Run this regression without any other regressor. Comment on the result.

__Question 13: we consider now the regression__

$\text{life satisfaction}_n =  \alpha + \beta \text{unemployment}_n + \gamma \text{work ethic}_n +  \text{other regressors}$

Which regressors would you choose? Can you find the combination that maximizes the predictive power of the regression?

__Question 14: the effect of work ethics__

From the preceding regression can we cannot conclude about the interaction between work ethics and unemployment.

Try to answer that question by running the following steps
- create one variable `high_work_ethic`, equal to 1, if work ethic is above average
- run the regression from before for two different dataset, one where `high_work_ethic` is equal to 1, and another where it is equal to 0
- compare the values obtained for $\beta$ in both cases
- interpret
- __bonus__: make a graphical representation

__Question 15: interaction term__

Another common approach consists in running a regression with an interacion term, that is

$\text{life satisfaction}_n =  \alpha + \beta \text{unemployment}_n + \gamma \text{work ethic}_n +\delta  \text{unemployment}_n \times \text{work ethic}_n+  \text{other regressors}$

Then if $\delta$ is negative, higher work ethic implies a stronger effect of unemployment.

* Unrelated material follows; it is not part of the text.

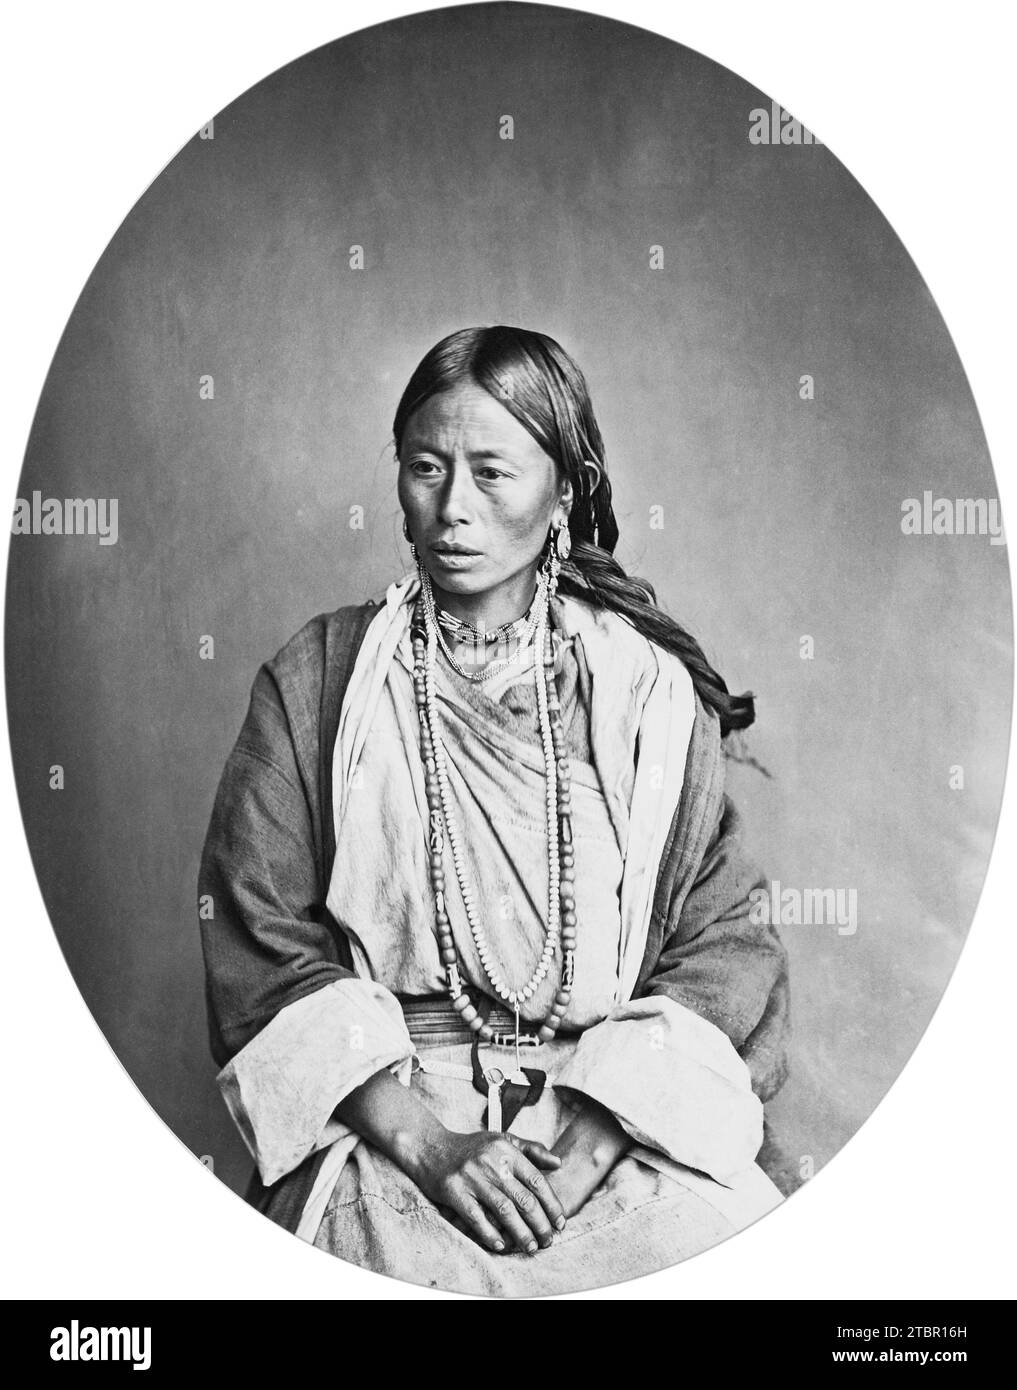 Femme indienne avec collier ; Fabricant inconnu ; environ 1866 ; imprimé argent albumen. Portrait d'une femme d'une tribu himalayenne, assise et légèrement face au Banque D'Images

Run that regression and comment.

(hint: for statsmodels formula, `a*b` where `a` and `b` are regressors is interpreted as a regression part $c_1 a+ c_2 b+ c_3 a b$ where $c_1,c_2,c_3$ are unknown coefficients)

## Open question

__Question 16: propose *any* another data work using the same dataframe that you find interesting (graph, econometric analysis, machine learning)__